Chaba Anis, Phongphithakchai Atthaphong, Pope Oscar, Rajapaksha Sam, Ranjan Pratibha, Maeda Akinori, Spano Sofia, Hikasa Yukiko, Eastwood Glenn, Pattamin Nuttapol, Kitisin Nuanprae, Nasser Ahmad, White Kyle C, Bellomo Rinaldo
Department of Intensive Care, Austin Hospital, Melbourne, VIC, Australia.
Australian and New Zealand Intensive Care Research Centre, Monash University, Melbourne, VIC, Australia.
Crit Care Resusc. 2024 Nov 22;26(4):311-318. doi: 10.1016/j.ccrj.2024.09.004. eCollection 2024 Dec.
Severe intensive care unit-acquired hypernatraemia (ICU-AH) is a serious complication of critical illness. However, there is no detailed information on how this condition develops.
The objective of this study was to study the prevalence, risk factors, trajectory, management, and outcome of severe ICU-AH (≥155 mmol·L).
A retrospective study was conducted in a 40-bed ICU in a university-affiliated hospital. Assessment of sodium levels, factors associated with severe ICU-AH, urinary electrolyte measurements, water therapy, fluid balance, correction rate, and delirium was made.
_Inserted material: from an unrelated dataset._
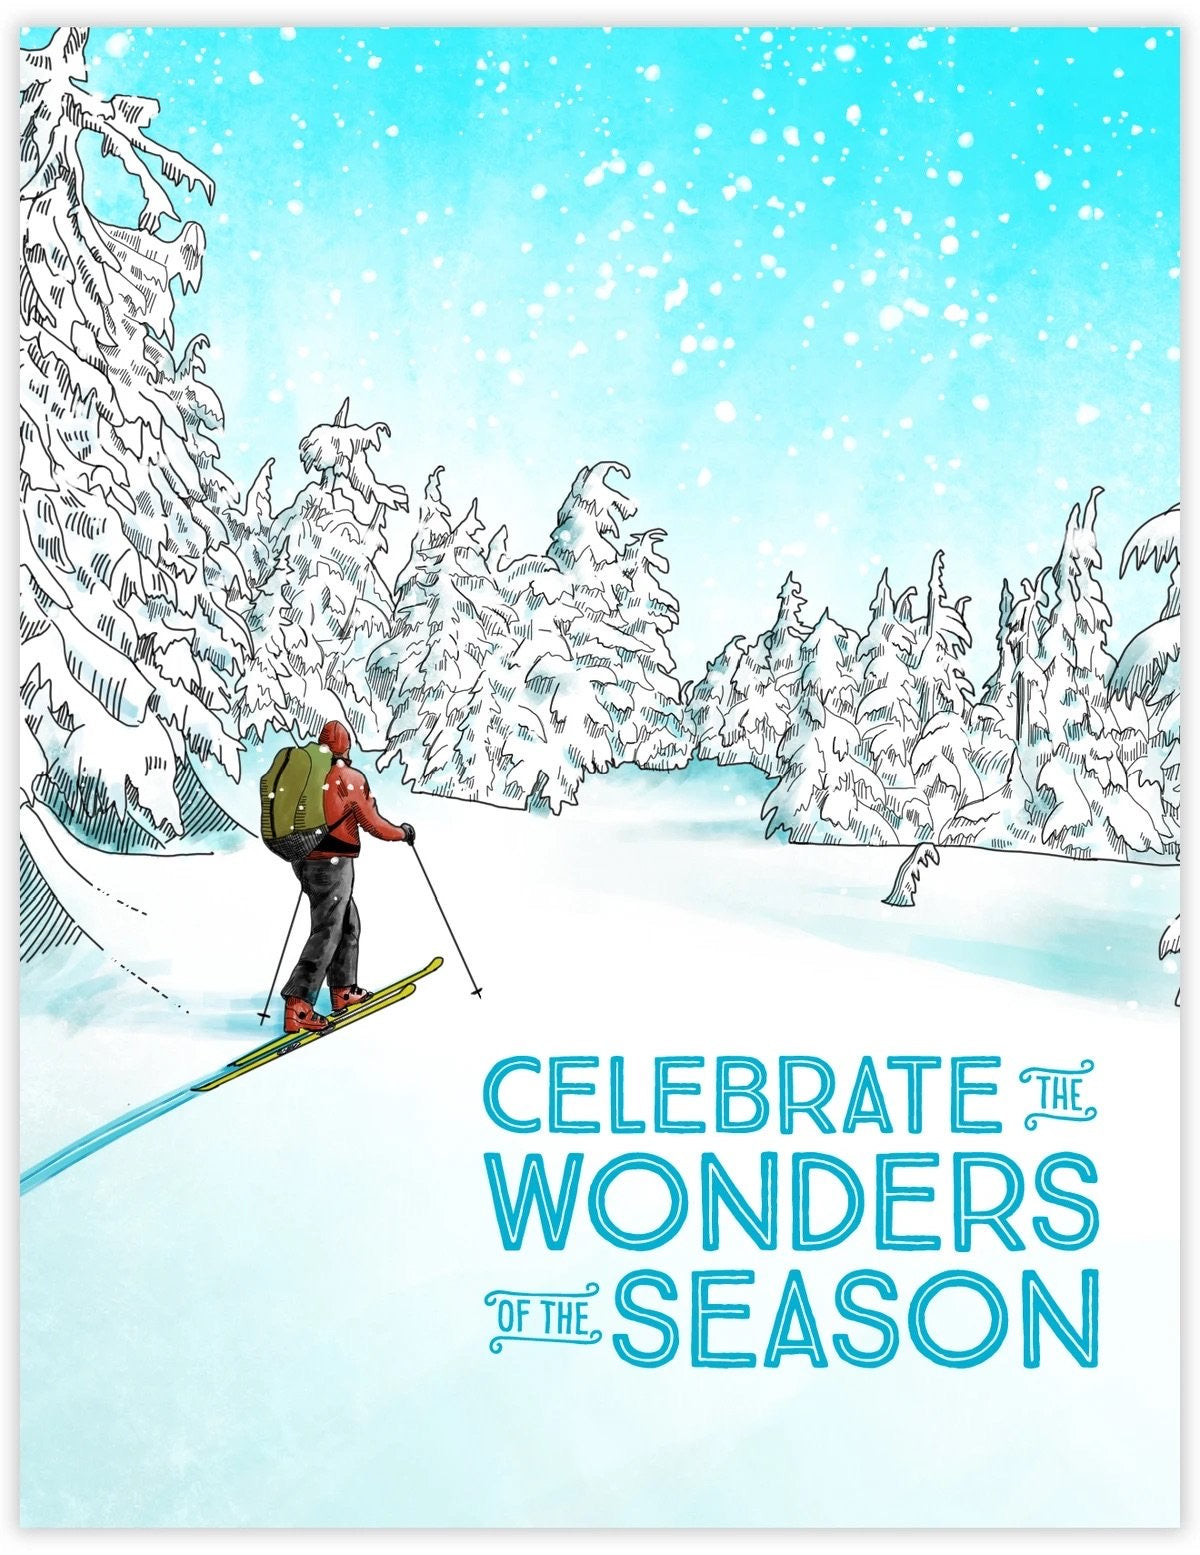 Celebrate the wonders of the season greeting card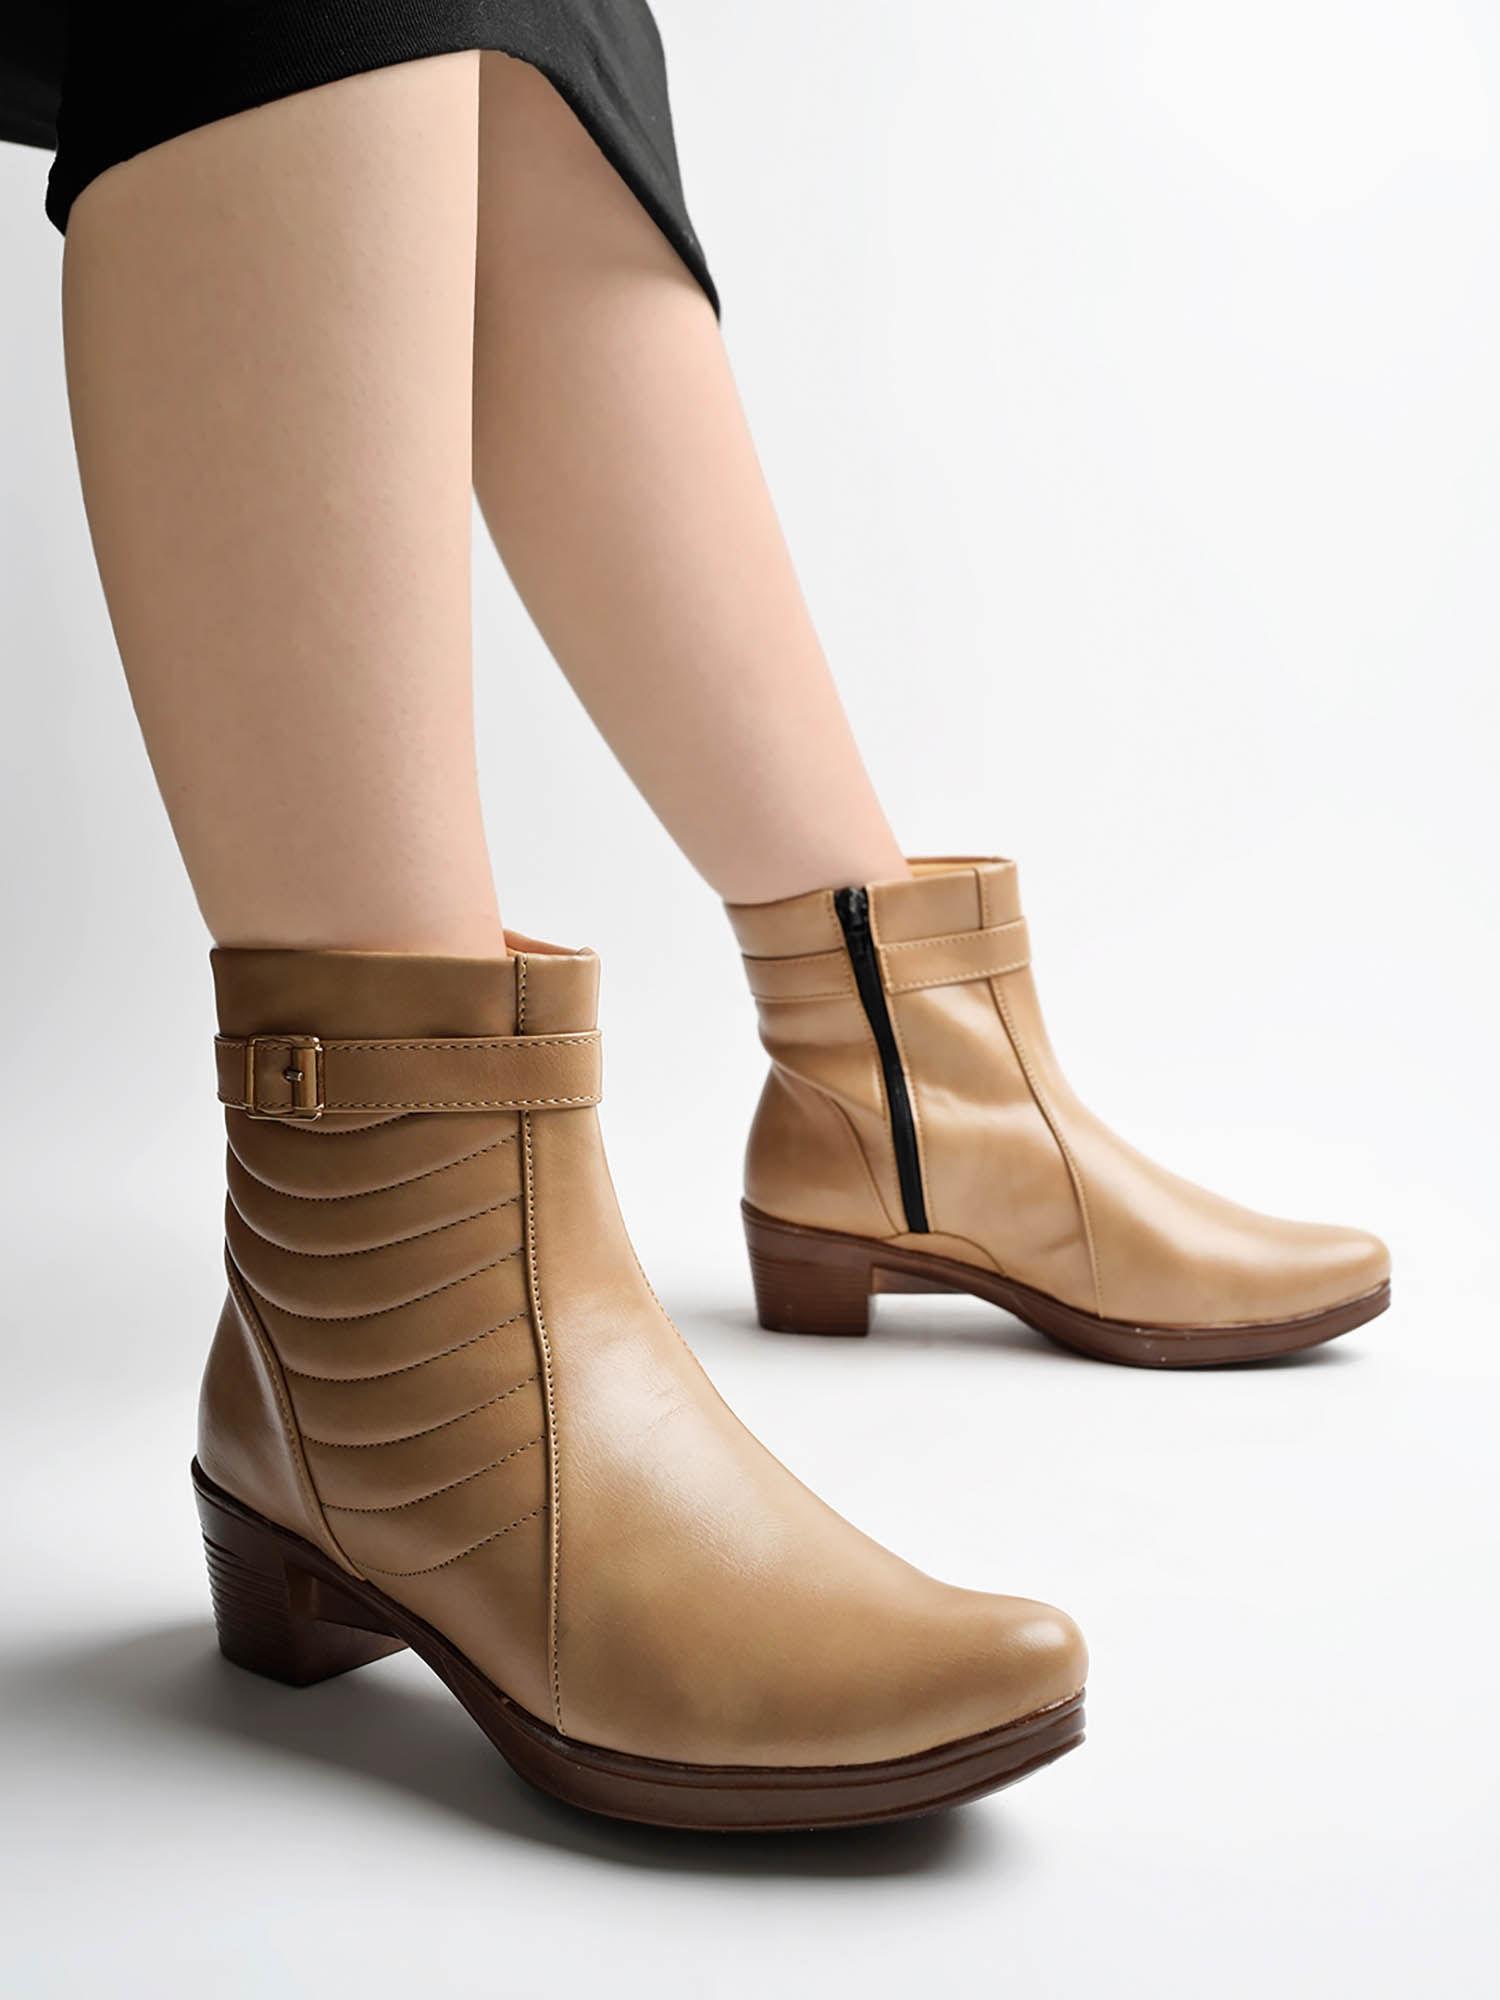 stylish cream boots for women

We screened 11,642 ICU admissions and identified 109 patients with severe ICU-AH. The median age was 57 years, 63% were male, and the median Acute Physiology and Chronic Health Evaluation III score was 64 (52; 80). On the day of ICU admission, 64% of patients were ventilated; 71% received vasopressors, and 22% had acute kidney injury. The median peak sodium level was 158 (156; 161) mmolL at a median of 4 (1; 11) days after ICU admission. Only eight patients (7%) had urine sodium measurement (median concentration: 17 mmol·L). On the day of peak hypernatraemia, 80% of patients were unable to drink due to invasive ventilation; 34% were on diuretics; 25% had fever, and 50% did not receive hypotonic fluids. When available, the median electrolyte-free water clearance was -1.1 L (-1.7; -0.5), representing half of the urine output. After peak hypernatraemia, the correction rate was -2.8 mmol·L per day (95% confidence interval: [-2.9 to -2.6]) during the first 3 d.
Severe hypernatraemia occurred in the setting of inability to drink, near-absent measurement of urinary free water losses, diuretic therapy, fever, renal impairment, and near-absent or limited or delayed water administration. Correction was slow.
重症监护病房获得性高钠血症(ICU-AH)是危重病的一种严重并发症。然而,关于这种情况如何发展尚无详细信息。
本研究的目的是研究重度ICU-AH(≥155 mmol·L)的患病率、危险因素、病程、管理及结局。
在一所大学附属医院的40张床位的ICU进行了一项回顾性研究。评估了钠水平、与重度ICU-AH相关的因素、尿电解质测量、水疗法、液体平衡、纠正率及谵妄情况。
我们筛查了11642例入住ICU的患者,确定了109例重度ICU-AH患者。中位年龄为57岁,63%为男性,急性生理与慢性健康状况评分系统III(APACHE III)的中位评分为64(52;80)。入住ICU当天,64%的患者接受机械通气;71%接受血管活性药物治疗,22%发生急性肾损伤。入住ICU后中位4(1;11)天,钠水平的中位峰值为158(156;161)mmol/L。仅8例患者(7%)进行了尿钠测量(中位浓度:17 mmol/L)。在高钠血症峰值当天,80%的患者因有创通气无法饮水;34%使用利尿剂;25%发热,50%未接受低渗液体。如有数据,无电解质水清除率的中位数为-1.1 L(-1.7;-0.5),占尿量的一半。高钠血症峰值后,最初3天的纠正率为每天-2.8 mmol/L(95%置信区间:[-2.9至-2.6])。
重度高钠血症发生于无法饮水、几乎未测量尿自由水丢失、使用利尿剂治疗、发热、肾功能损害以及几乎未给予或给予水受限或延迟的情况下。纠正缓慢。